House Robber II LeetCode Java

本博客参考自：https://leetcode.com/discuss/36544/simple-ac-solution-in-java-in-o-n-with-explanation

Note: This is an extension of House Robber.

After robbing those houses on that street, the thief has found himself a new place for his thievery so that he will not get too much attention. This time, all houses at this place are arranged in a circle. That means the first house is the neighbor of the last one. Meanwhile, the security system for these houses remain the same as for those in the previous street.

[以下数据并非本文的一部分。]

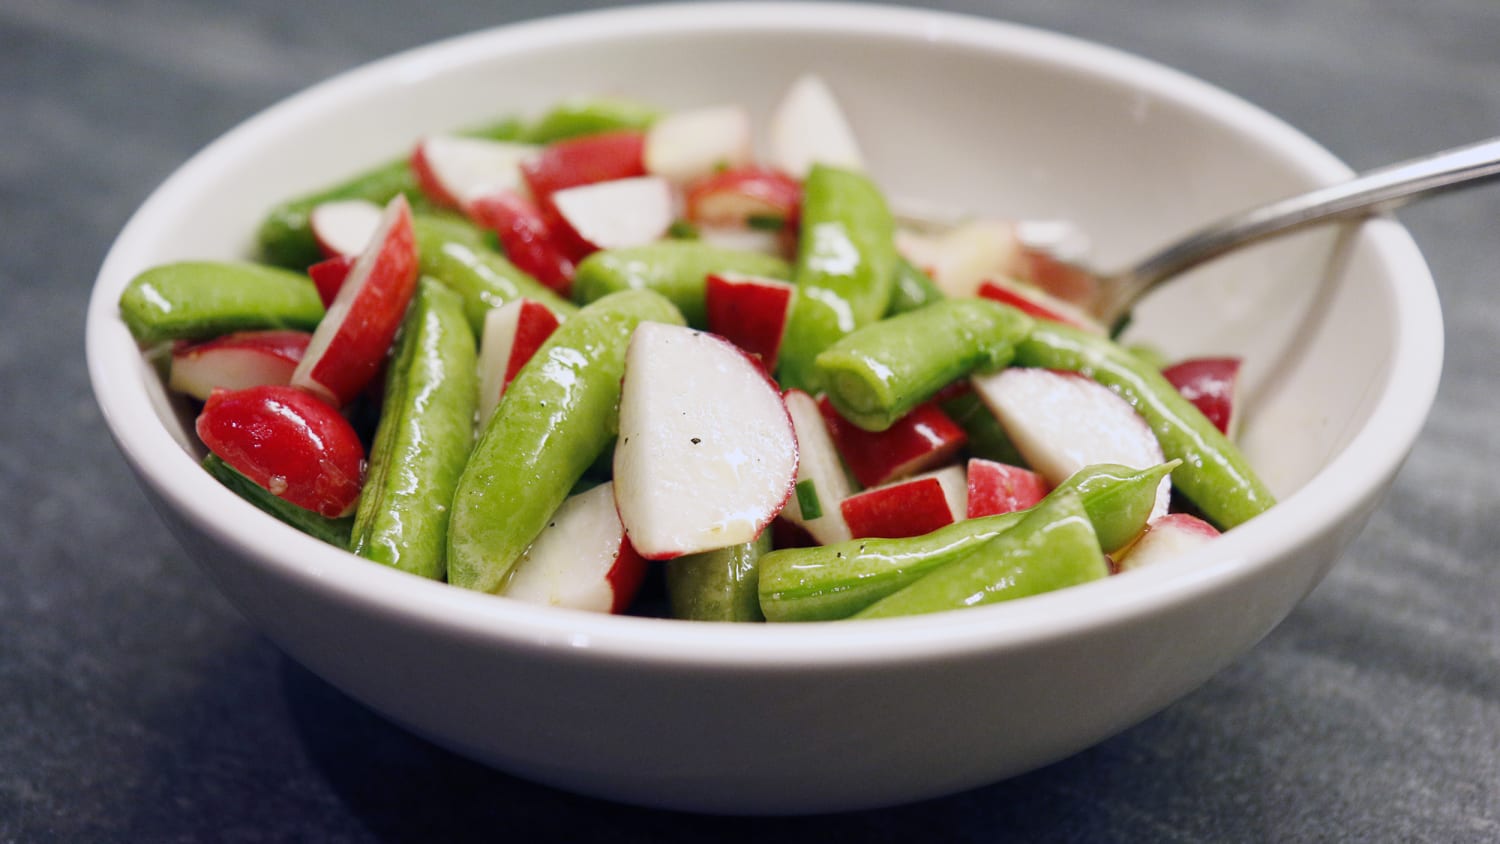 https://media-cldnry.s-nbcnews.com/image/upload/newscms/2017_31/1269908/sugar-snap-pea-radish-salad-today-170803-tease.jpg
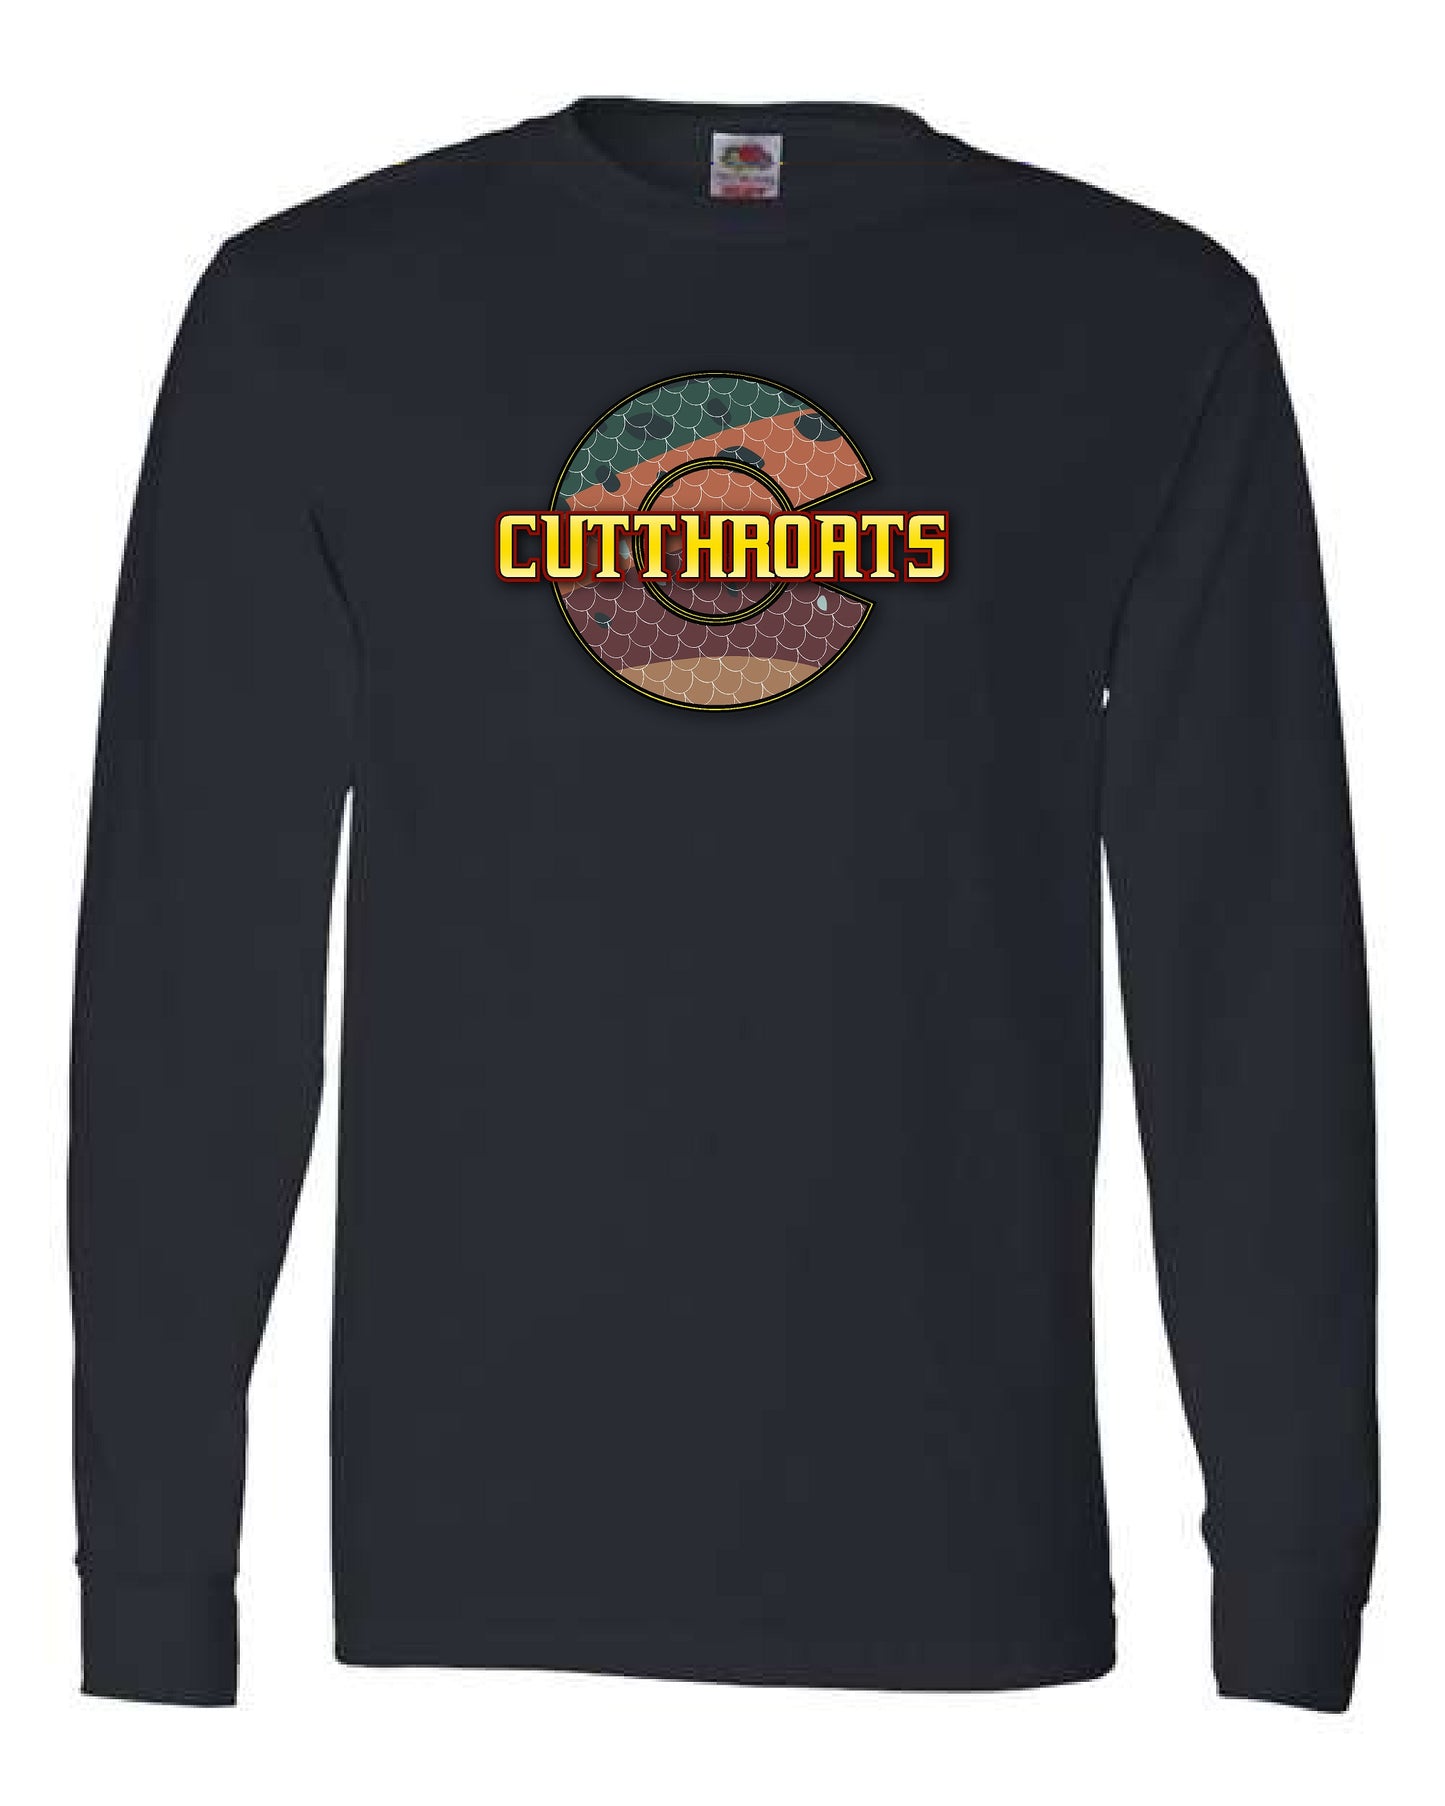 CUTTHROATS - Cotton Feel Long Sleeve Tshirt Black

Given a list of non-negative integers representing the amount of money of each house, determine the maximum amount of money you can rob tonight without alerting the police.

这道题目是House Robber的延伸。House Rouber的意思是，一个偷，找到了条街道，然后准备偷钱，这个街道的报警系统比较傻瓜，只要连续两家不同时被偷，就不会报警，求小偷能偷到的最大钱数。

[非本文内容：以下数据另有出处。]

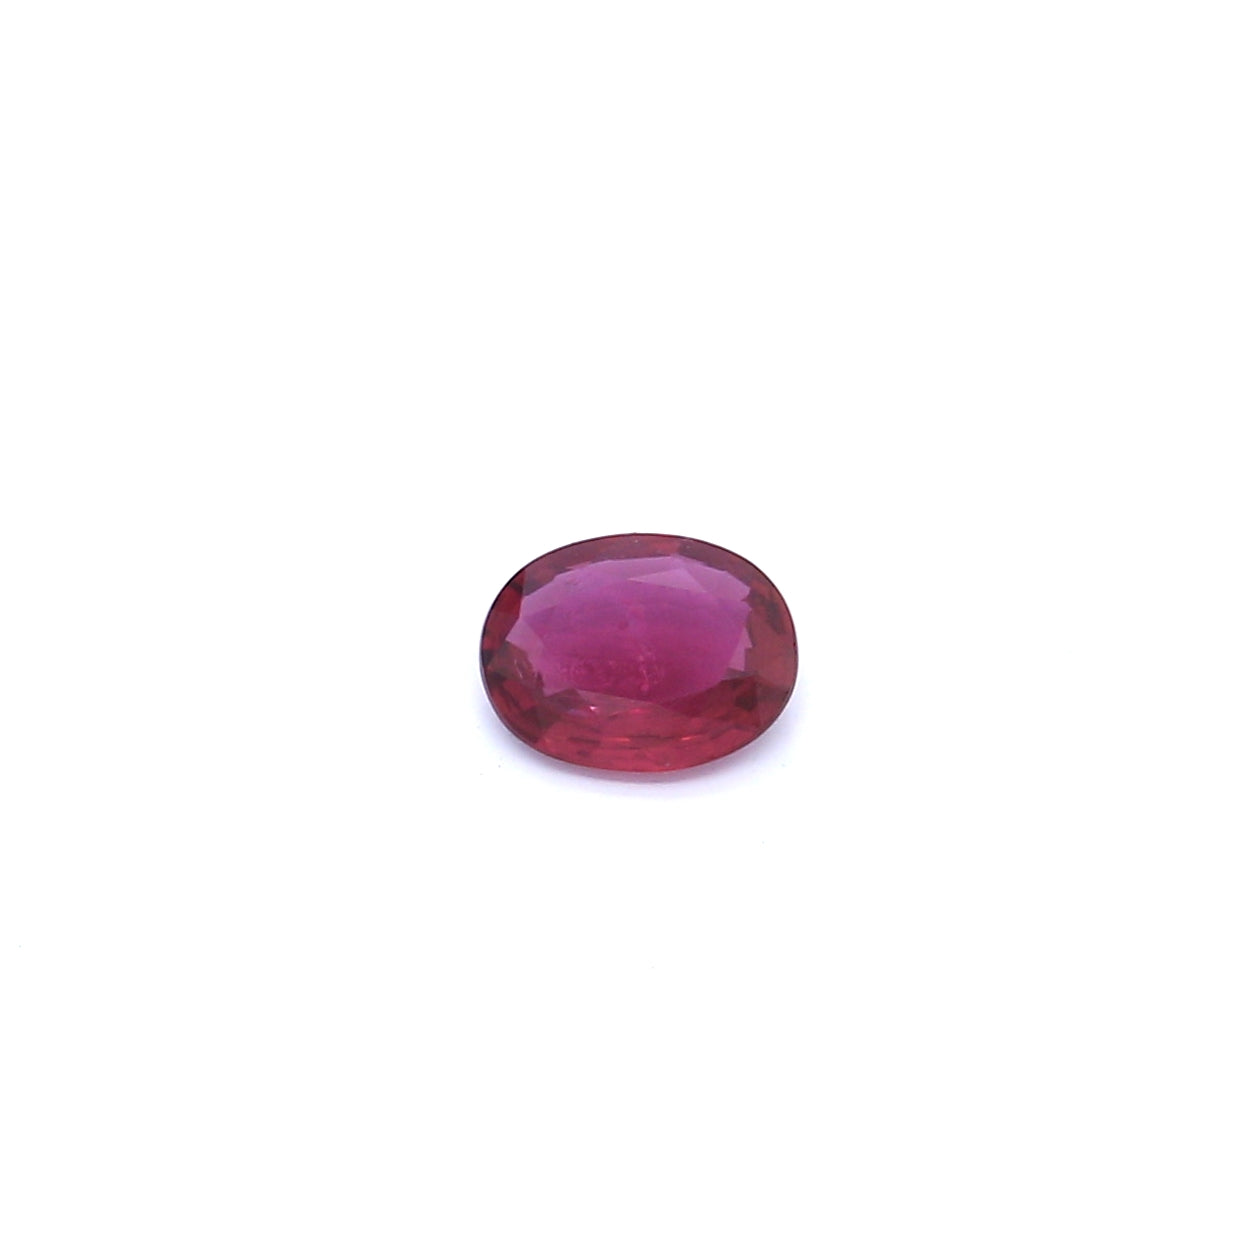 0.38ct Purplish Red, Oval Ruby, H(a), Thailand - 5.44 x 4.33 x 1.72mm

而House Robber II和之前的差别在于，街道编程了一个环，如果你抢了第一家，就不能抢最后一家。

两道题目思路都是使用动态规划。

首先看House Robber。

传统思路：使用数组int[]作为记录数组，int[i] 表示偷到第i家，并且偷第i家的情况，偷到钱最大数。那么有：

money[i]=Max(money[i-2], money[i-3])+nums[i];

但是这样需要额外的O（n）的存储空间，优化后，可使用O（1）空间完成，程序如下（未考虑边界情况）：

private int rob(int[] num) {
int include = 0, exclude = 0;
for (int j =0; j <nums.length; j++) {
int i = include, e = exclude;
include = e + num[j];
exclude = Math.max(e, i);
}
return Math.max(include, exclude);
}

接下来考虑House Robber II 的问题

考虑这道题目的实际情况，假设有n个住户，那么至少有n/2个用户不被抢。而且任何一个用户要么被抢，要么不被抢。如果第i个用户不被抢，那么可以看做环从第i个位置断开，如果第i个用户被抢，则第i+1个用户一定不被抢，可以看做环从第i+1个位置断开。当然，i是任意的。

所以，可以将House RobberII 转换为 House Robber的问题。

程序如下（这里i和i+1 分别为length-1 和 0）：

public int rob(int[] nums) {
if (nums.length == 1) return nums[0];
return Math.max(rob(nums, 0, nums.length - 2), rob(nums, 1, nums.length - 1));
}

private int rob(int[] num, int lo, int hi) {
int include = 0, exclude = 0;
for (int j = lo; j <= hi; j++) {
int i = include, e = exclude;
include = e + num[j];
exclude = Math.max(e, i);
}
return Math.max(include, exclude);
}